Work to be completed: Copy the records below exactly, starting at the line that contains "Premium Jane Affiliate Program" and ending at the line that contains "단독 가정 주택 용 매매"; leave out any pictures.

Material for this exercise:
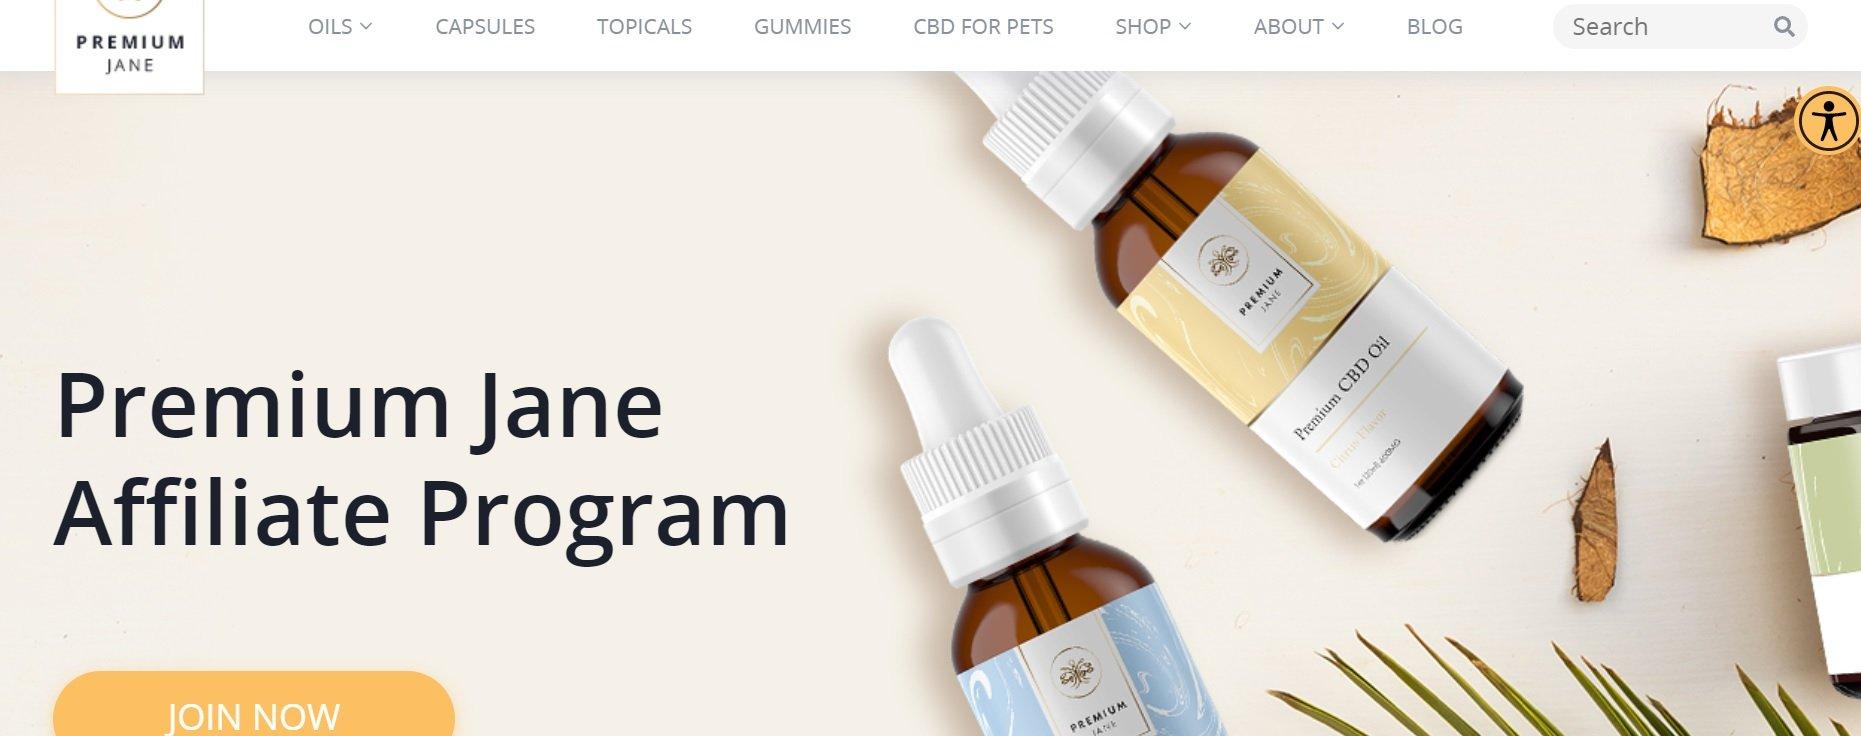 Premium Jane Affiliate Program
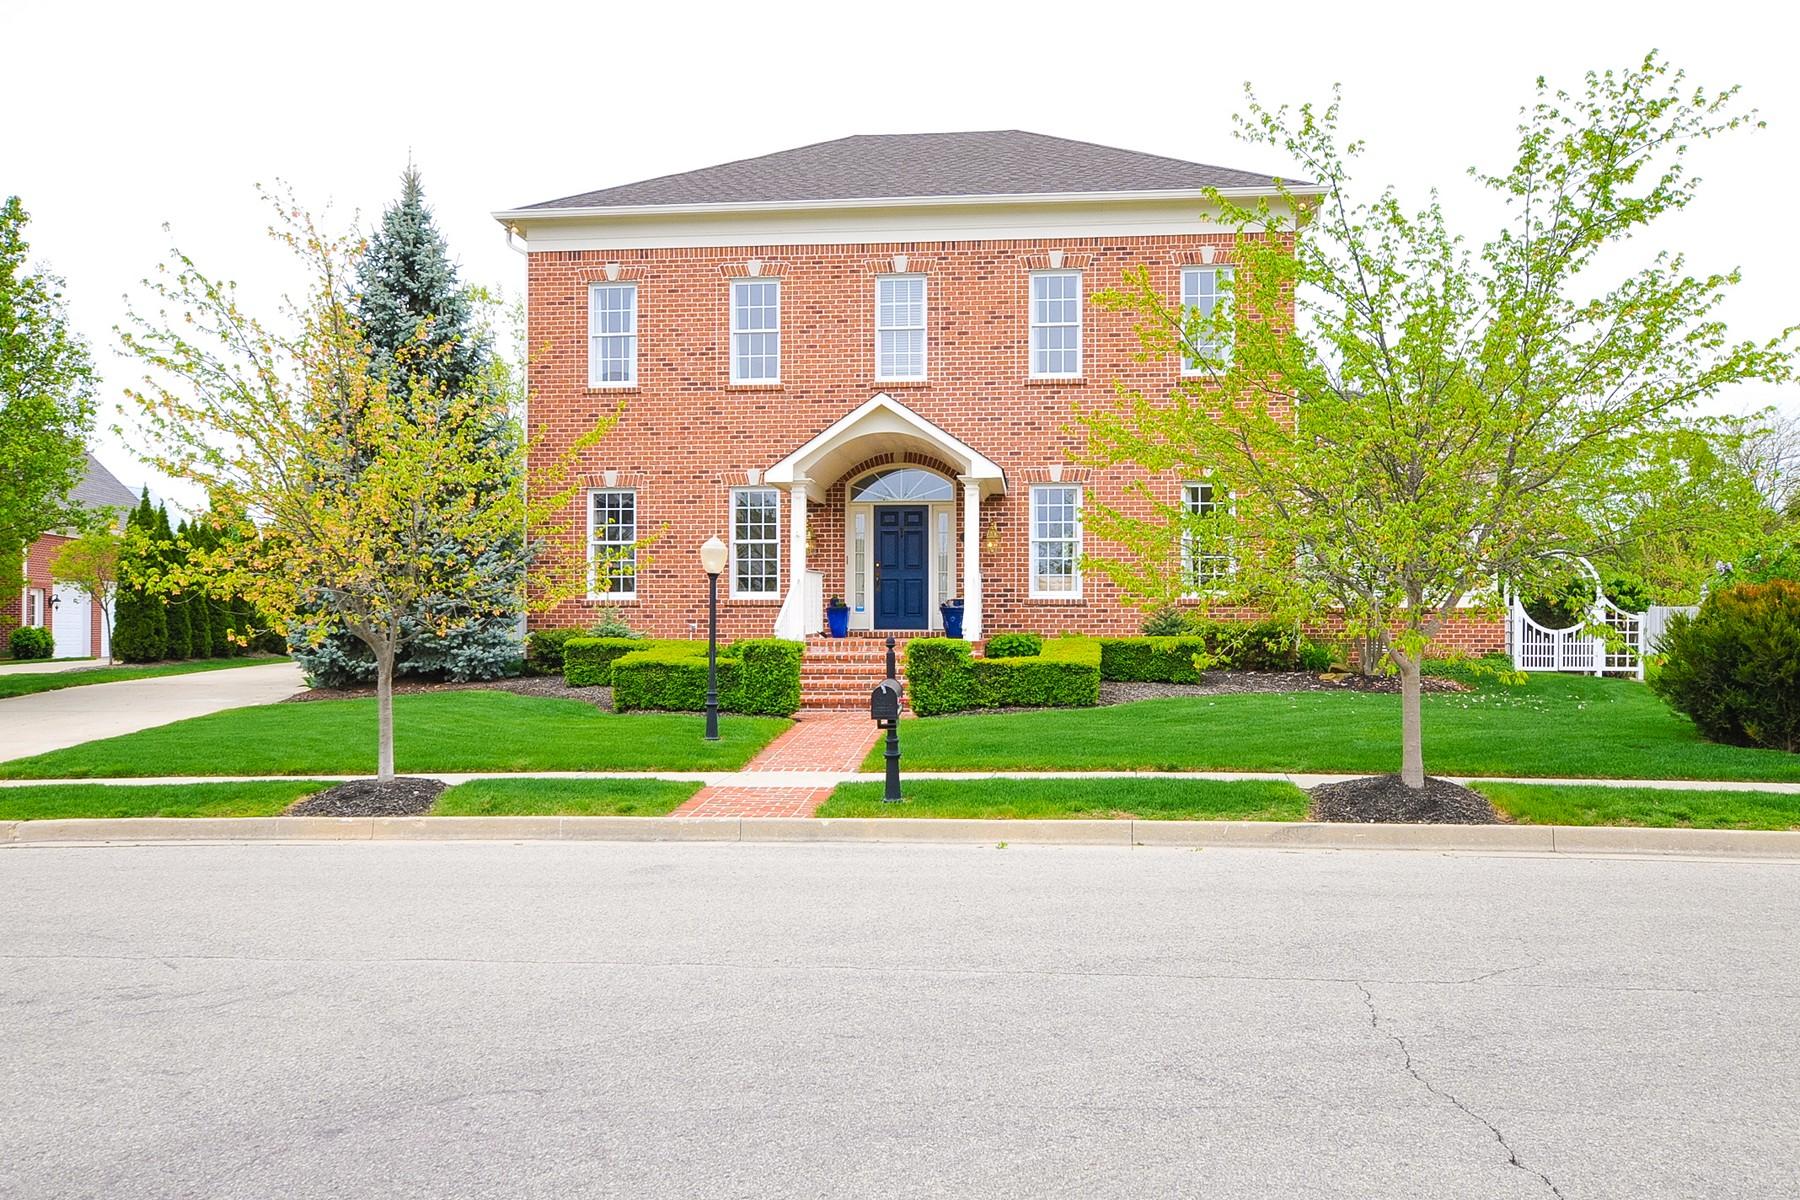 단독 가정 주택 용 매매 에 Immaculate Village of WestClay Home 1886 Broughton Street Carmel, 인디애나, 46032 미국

---

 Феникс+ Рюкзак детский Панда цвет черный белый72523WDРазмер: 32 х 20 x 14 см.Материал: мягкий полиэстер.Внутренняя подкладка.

Task answer:
 Premium Jane Affiliate Program
 단독 가정 주택 용 매매 에 Immaculate Village of WestClay Home 1886 Broughton Street Carmel, 인디애나, 46032 미국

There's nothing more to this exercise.